Affine 3D transformations can be expressed in homogeneous coordinates by a matrix $M \in \mathbb{R}^{4 \times 4}$. This means we have 16 parameters to calculate.
The first thing I asked myself is how many 3D points we need to define such a transformation.
Each point has 3 coordinates and thus each point gives 3 equations. I thought we would need
$$\left \lceil \frac{\overbrace{3 \cdot 3}^{\text{linear}} + \overbrace{3}^{\text{translation}}}{\underbrace{3}_{\text{equations per point}}} \right \rceil = 4$$
points to define $M$. However, I also realize we are speaking of a $4 \times 4$ matrix having 16 entries, not 12. I guess the remaining 4 entries are for the projection?
I thought the strucutre of the matrix was
$$\begin{pmatrix}A & t\\ \vec 0 & 1\end{pmatrix}$$
where $A \in \mathbb{R}^{3 \times 3}$ is a linear transformation, $t \in \mathbb{R}^{3 \times 1}$ is a transposition, $\vec 0 \in \mathbb{R}^{1 \times 3}$ is a 0-vector. But this would not project anything. I guess for projection the $\vec 0$ is replaced by something different? Is there a simple way to describe it?
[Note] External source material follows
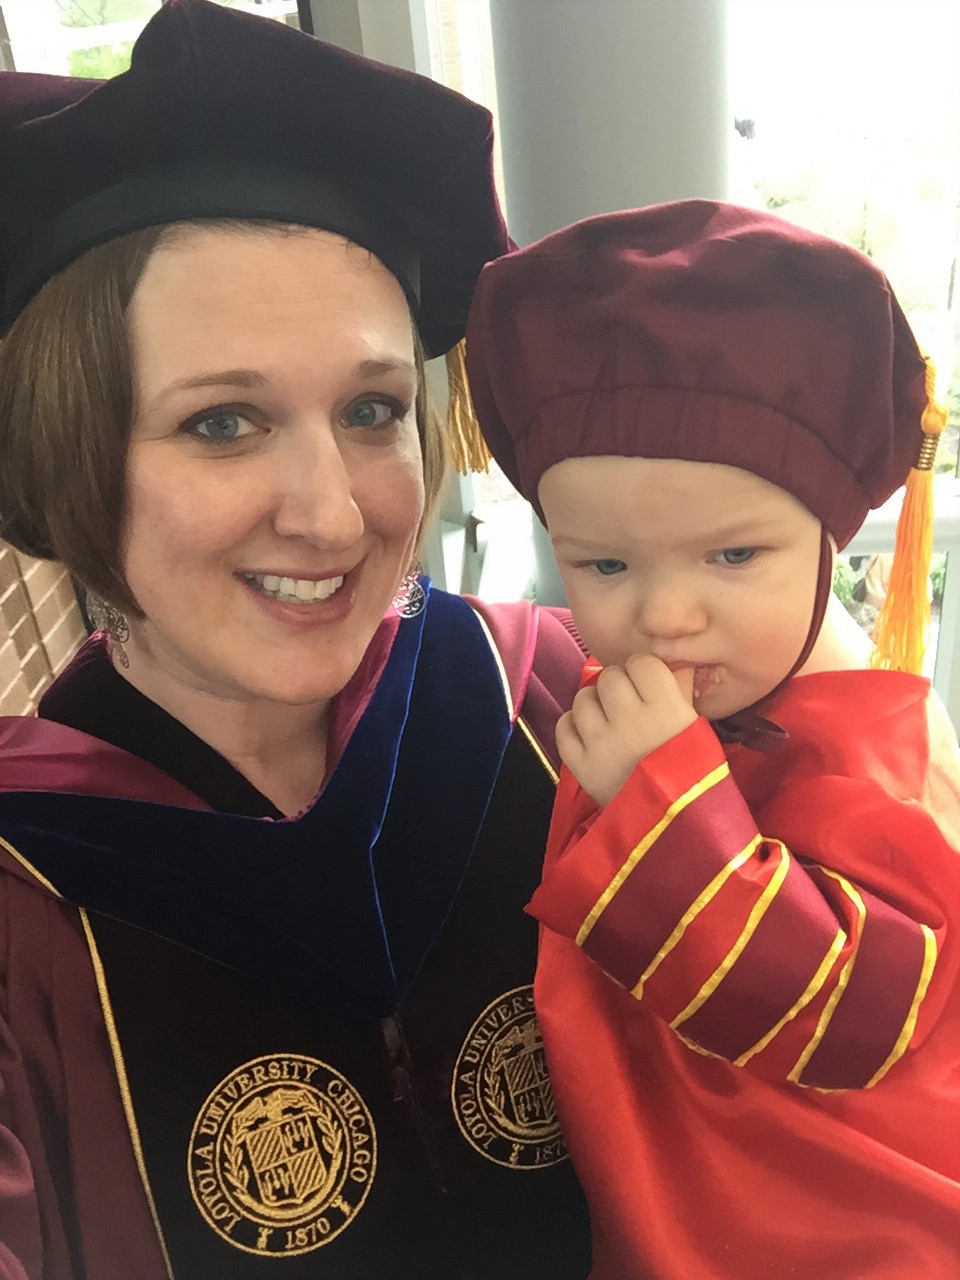 A photo of PhD graduate Merrit Rehn-DeBraal on graduation day, holding her daughter Mila, who is also wearing a PhD graduation cap.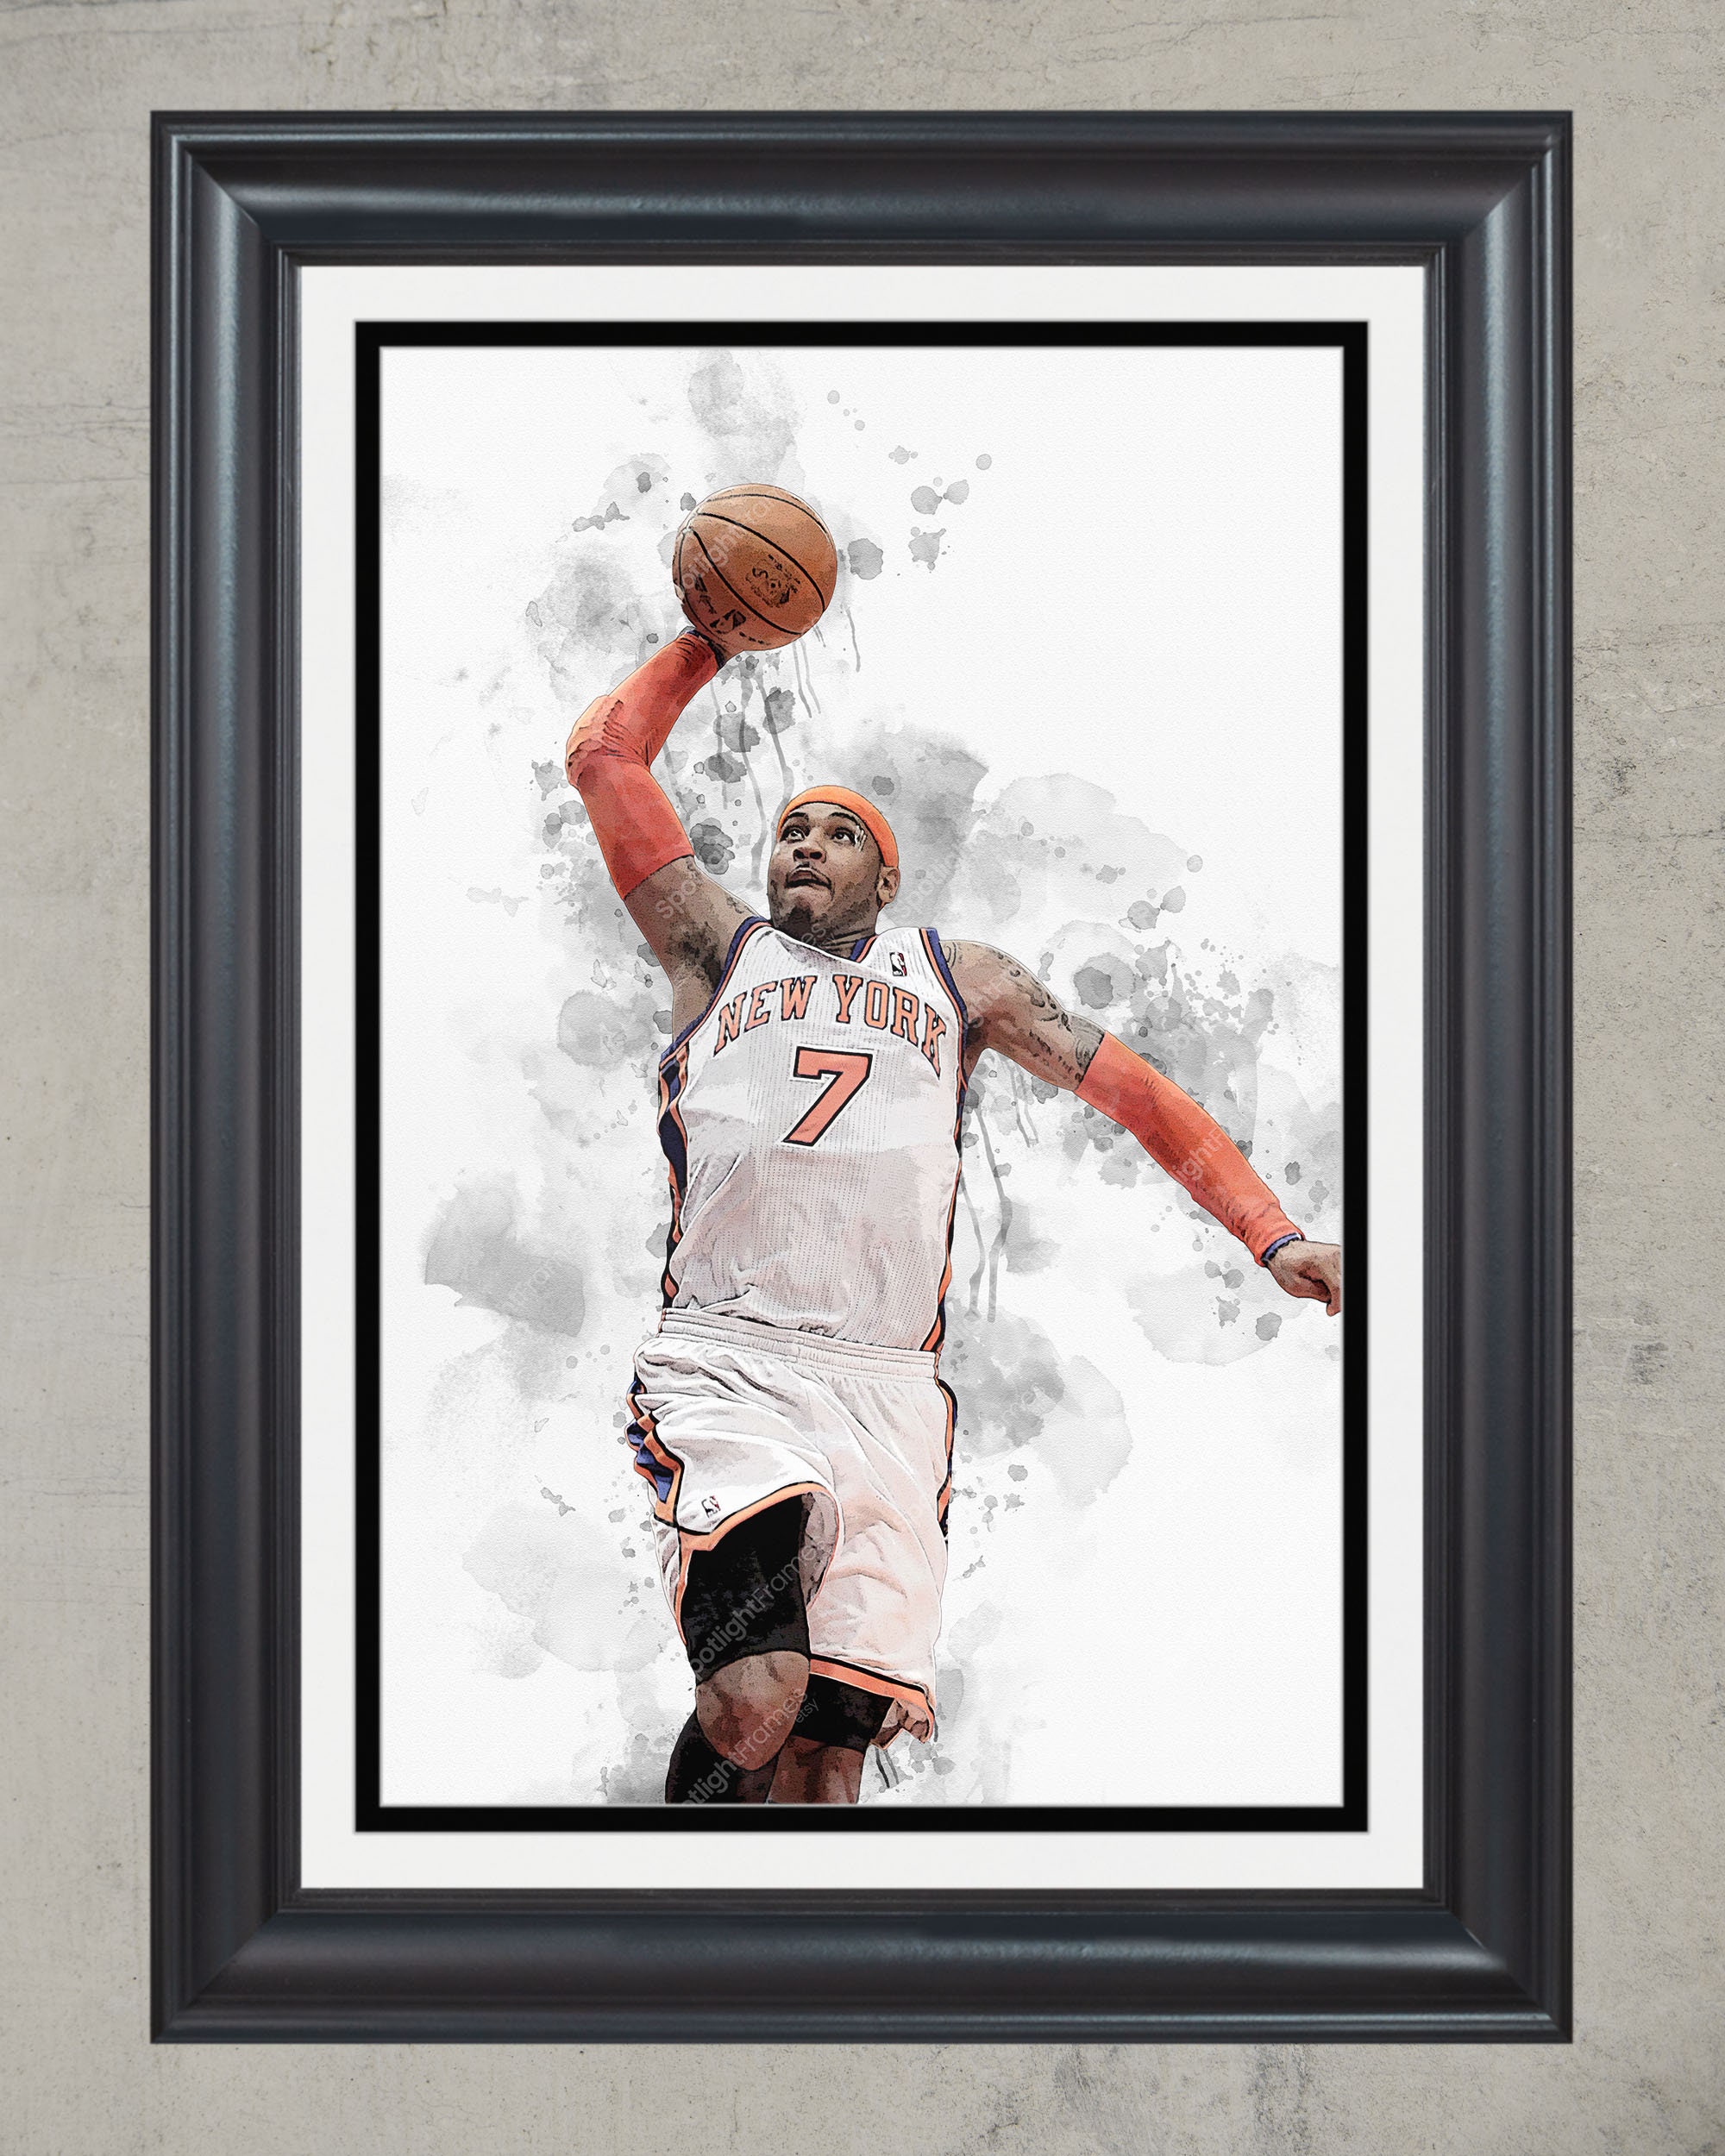  Carmelo Anthony Posters Basketball Wallpaper Canvas Bedroom  Wall Art Decor Picture Print Offices Dorm Room Decor Gifts  Frame:12×18inch(30×45cm) : Tools & Home Improvement

Now I read slides of a computer graphics lecture which says
How many points define a 3D transformation uniquely?
$3 \times 4$ entries of a $4 \times 4$ matrix (linear part and translation) resulting in 12 unknowns, hence 4 points
[...]
A projection in 3D is defined by a mapping of 5 points in $\mathbb{R}^3$
- $4 \times 4$ matrix, but homogeneous coordinates are invariant to scaling
- $5 \times 3 = 4 \times 4 - 1$
Source: German slides by Prof. Dr. Ing. Carsten Dachsbacher for Computer Graphics. (I translated them for this question.)
Now I'm confused. Where those the "5" in the slides come from? Why $4 \times 4 - 1$?